Meteor showers are named for the constellation or brightest star that lies nearest the radiant, and in the case of the Geminids, that’s near the star Castor in the constellation Gemini. The radiant is the point from which the meteors appear to radiate if you follow their path backward. While it is possible to see some meteors while the radiant is below the horizon, you’ll see most of them when it is high in the sky.
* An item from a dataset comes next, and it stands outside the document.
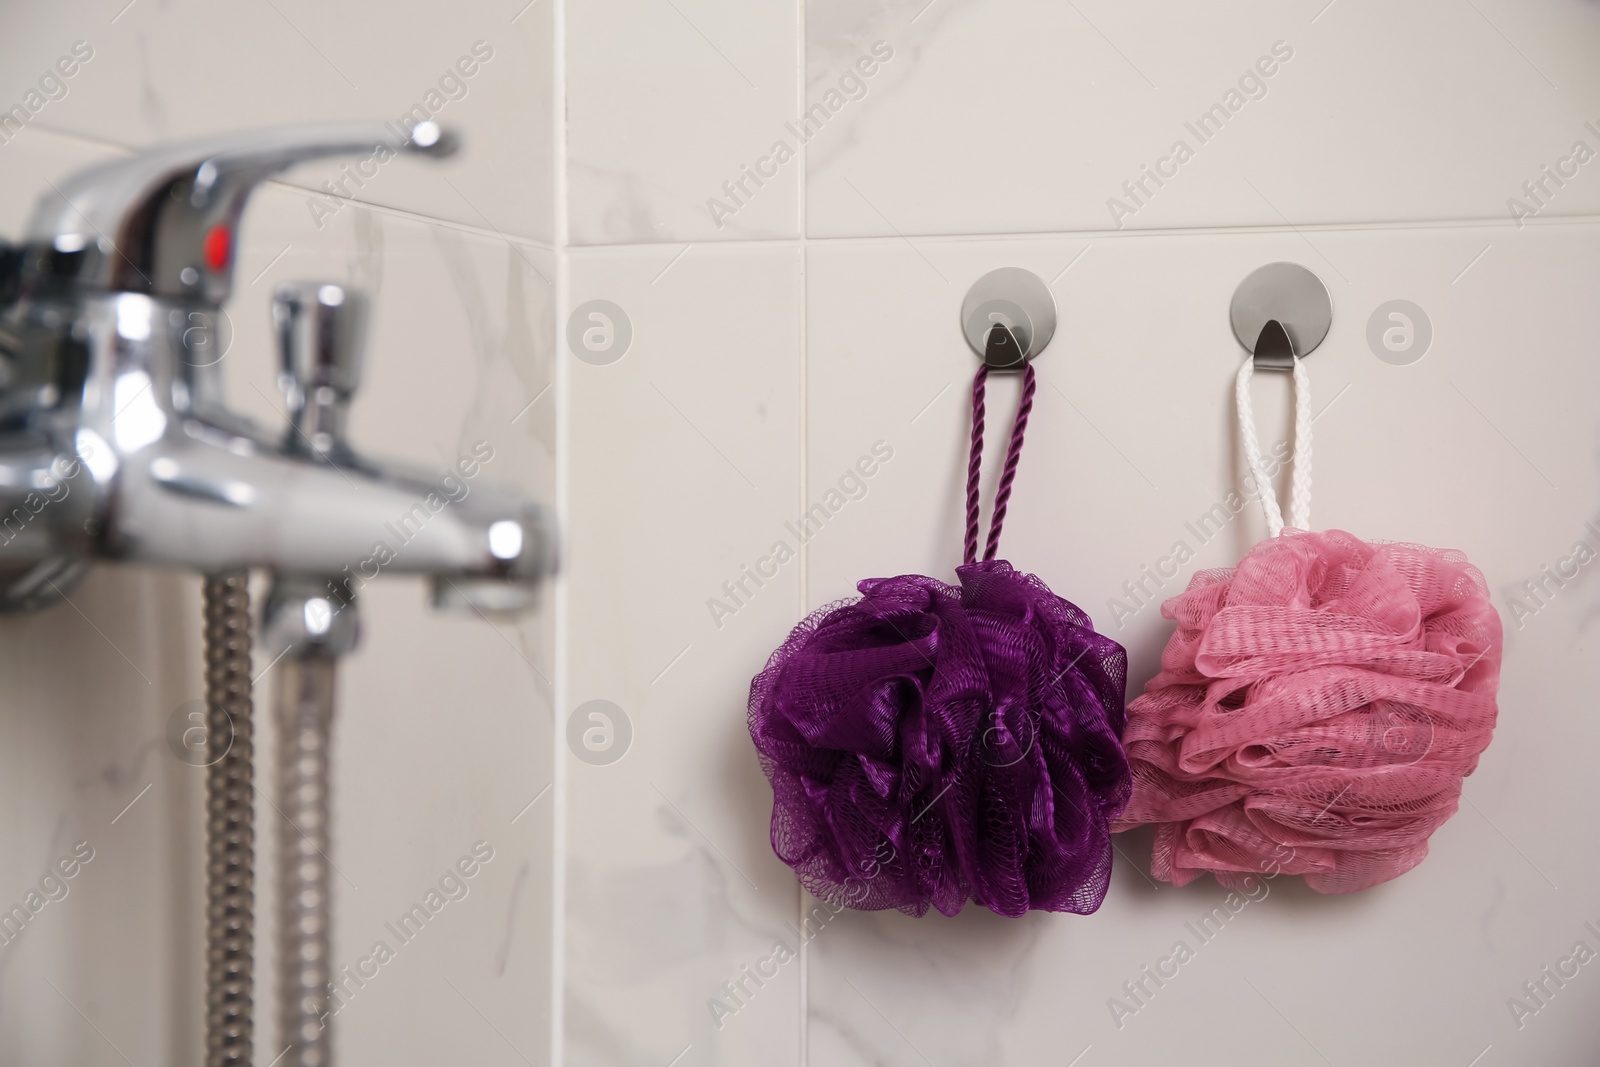 Photo of Shower puffs hanging near faucet in bathroom, space for text
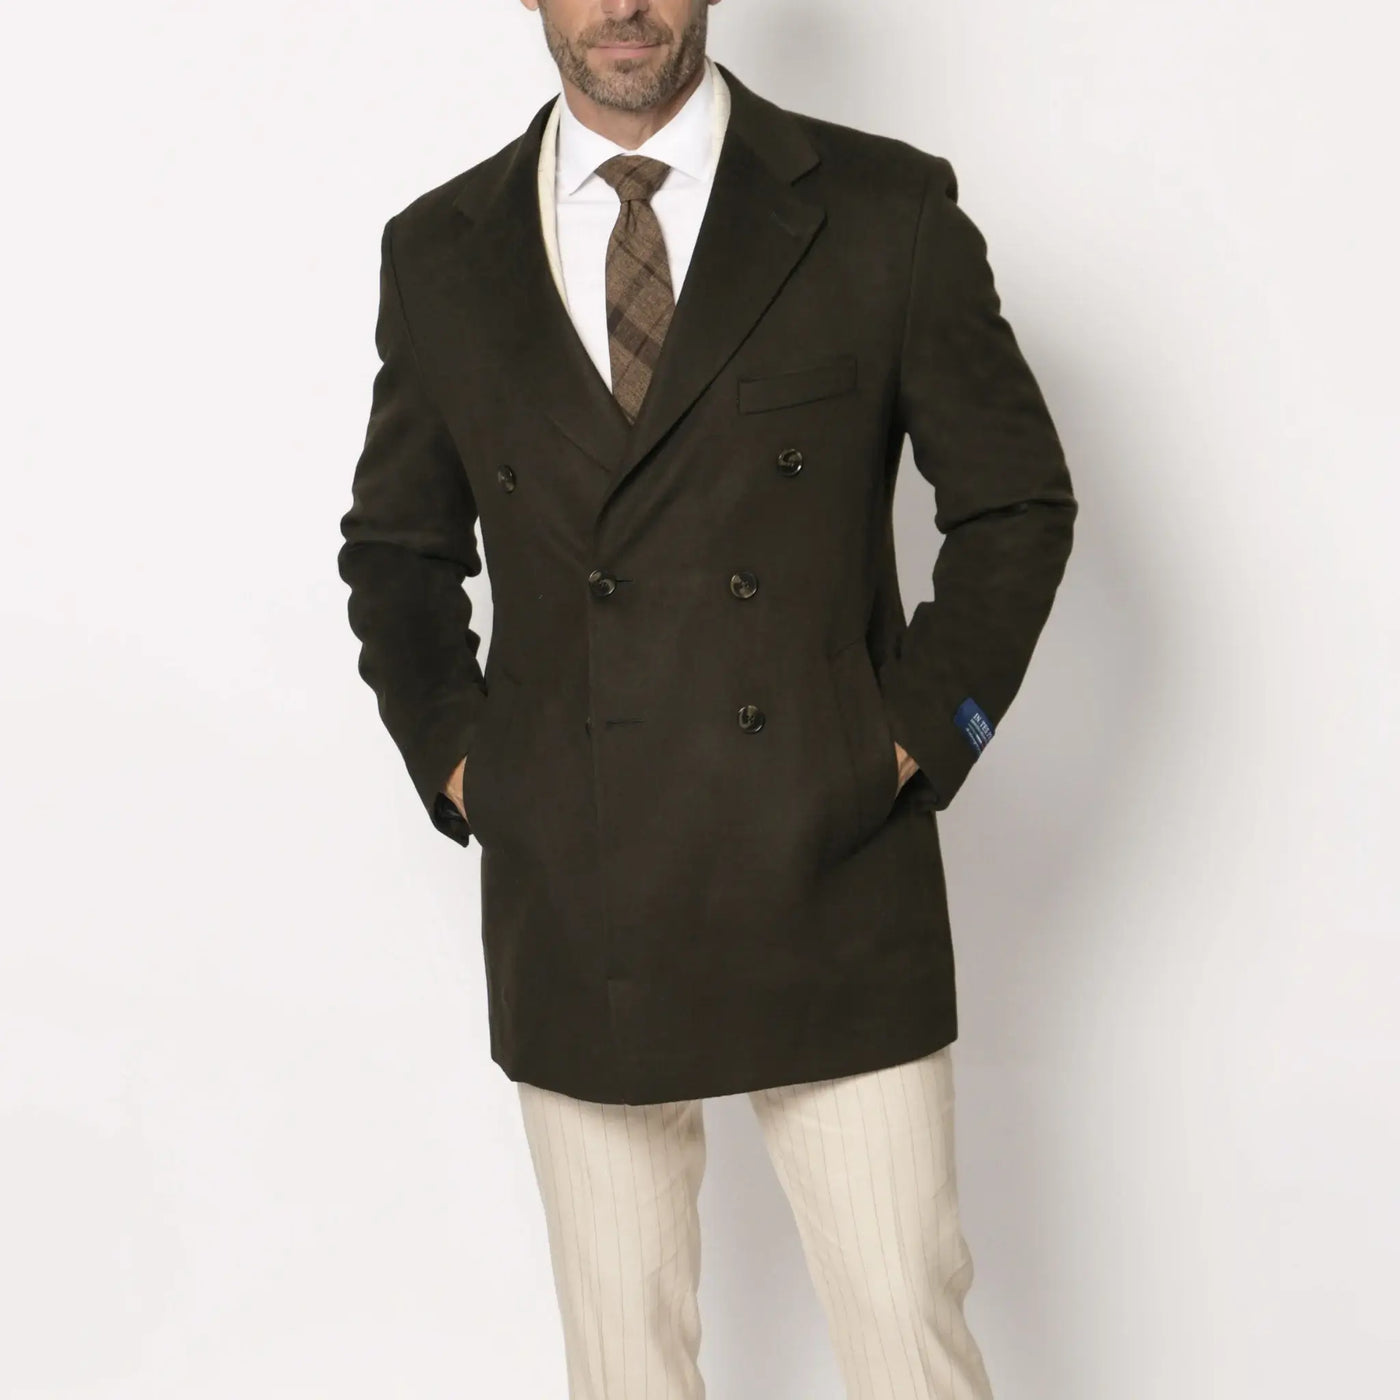 Lodevole Men's Double-breasted Coat Dark Olive Front Hands in Pockets

Gemini begins rising above the eastern horizon shortly after sunset and by around 8:00pm(EST) it is high enough for good meteor viewing. So this leaves you with several hours of moon-free viewing on both nights. You’ll see more meteors the higher Gemini rises in the sky, but the ones you see early on will be so-called “Earth-grazers,” which display long streaks low on the horizon. Very cool!

Keep in mind that you don’t have to look directly toward the radiant to see the meteors of any shower. They can occur anywhere in the sky. In fact, you’ll probably see more meteors by looking away from the radiant. When you look directly toward the radiant, some of the meteors will come at you head on and won’t produce long streaks of light.

Basic meteor photography is pretty simple. Point the lens at a section of the sky where you think (hope) a meteor will occur, lock down the shutter to shoot continuous exposures, and then cross your fingers for a flash of light. How well you execute the process will determine success as much as whether or not you see any meteors.

First, find a dark location, as far away from city lights or other light pollution as you can get. You may see some very bright meteors in a light-polluted sky, and if that is your only choice, go for it. But to see the most meteors, dark skies rule. This goes for light pollution from the moon, as well.

There are two basic approaches for photographing meteor showers. You can shoot a star-trail sequence that has meteors streaking across the star streaks or you can shoot a static star scene.

For star trails, you’d set it up just as you would any star-trail scene and hope that some meteors occur during the sequence. Here’s more information than you want to know about shooting star trails.

While meteors streaking through star trails look good, I typically prefer to photograph them as part of a scene where the stars appear as pinpoints of light instead of streaks. The meteor streaks contrast with the pinpoint stars, acting as strong components of the composition.

For the most effective compositions, you want to compose a scene that works well without meteors. Ideally, you want some sort of foreground element in the scene, instead of just a bunch of stars. But remember, you want to include as much sky as possible to increases your chances of capturing a meteor, so choose the foreground carefully. An ideal foreground is one that looks good in only the bottom one-sixth or so of the frame and has an interesting top line, like a jagged mountain range.

If the foreground doesn’t work as a silhouette against the sky and if it is close enough, you can light paint it to make it stand out. Shine a flashlight or pop a flash on it. You can get creative with choosing foregrounds to light paint

If the foreground projects far up into the sky, it should be one that has graphic lines that work well as silhouettes and something that doesn’t have a lot of mass so some of the stars will show through. Bridges, towers, isolated trees, lighthouses, and similar subjects all work well.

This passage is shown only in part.